Once you purchase a Weed file, you’re free to play it all you want on up to three PCs. You also can burn the file to CD and play it on your stereo system, or transfer it to a portable device like the Creative Labs Nomad, the Rio S10, or any current Windows CE PDA.
Best of all, you can share Weed files with anyone you like, as long as the files remain in their original form as Windows Media files. And if someone you share a file with purchases that file, you’ll earn a payment for helping to distribute it.
Specifically, the artist always receives 50% of each sale, and the rest goes to those who helped distribute the file. You get 20%, the person who shared the file with you gets 10%, and the person who shared the file with that person gets 5% of the sale price. Weed receives the final 15% for service and software maintenance costs.
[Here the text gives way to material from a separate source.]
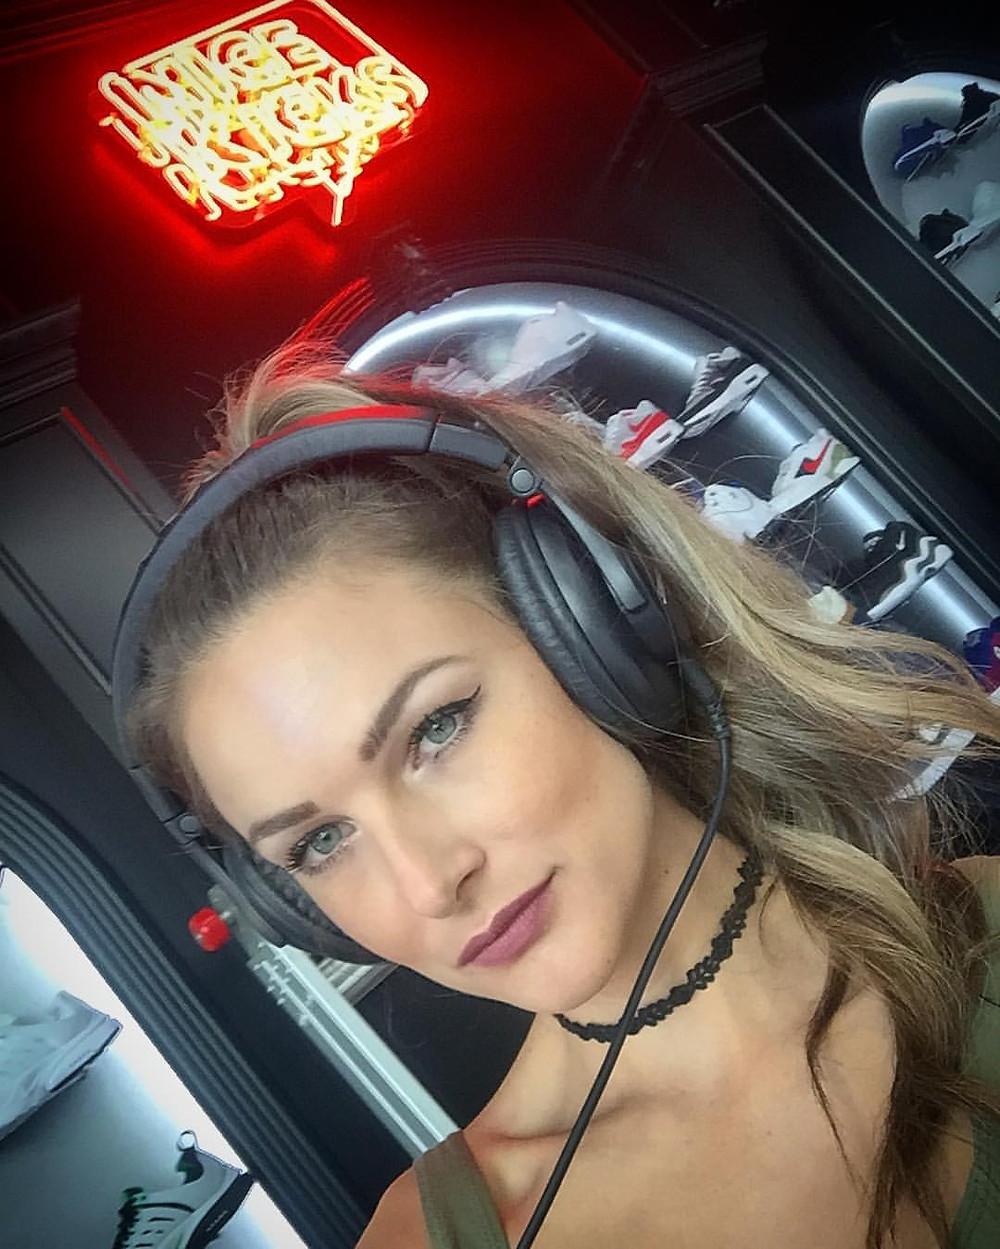 DJ Bad Ash at Nice Kicks launch event DTLA
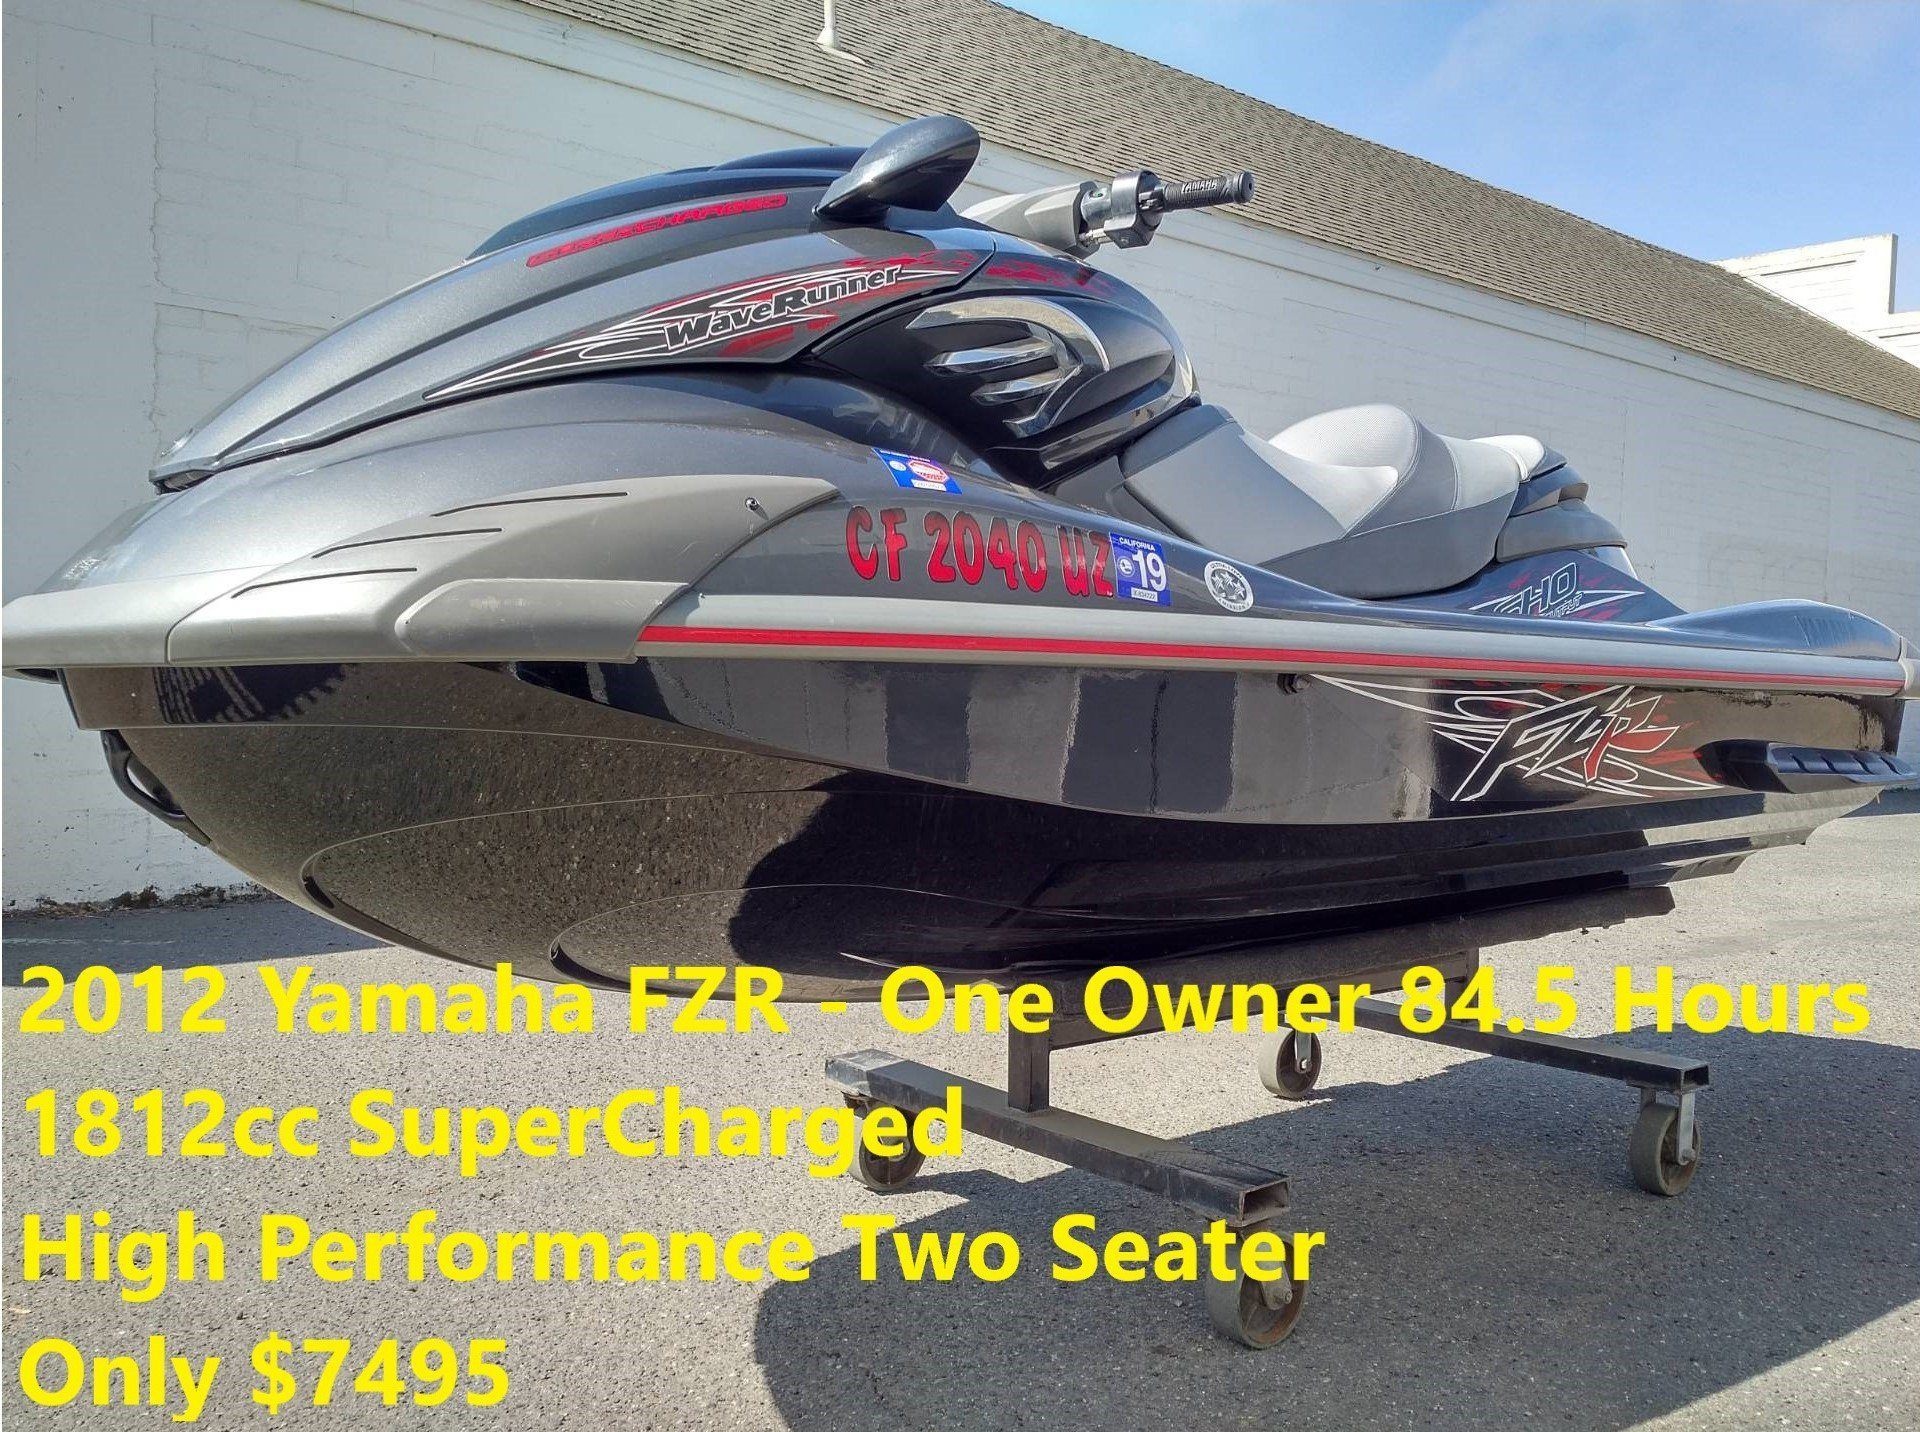 Salinas Motorcycle Center New Used Motorsports Vehicles For Sale Yamaha Golf Cart Engine Diagram Oem Promotions

All purchases and distributor payments are made into your Weed account through PayPal. Deposits and withdrawals from your Weed account cost 50 cents, but all other transactions are free. You must have a PayPal account to make deposits to your Weed account.
Like I said before, enlist your users to evangelize for you…brilliant.
Waiting in the lobby with Dave, listening to an Audioblog post by Kevin saying that he’d just gotten a call from us and was on his way to the lobby to meet us.
Let the mammothly navelgazing overuse of technology commence!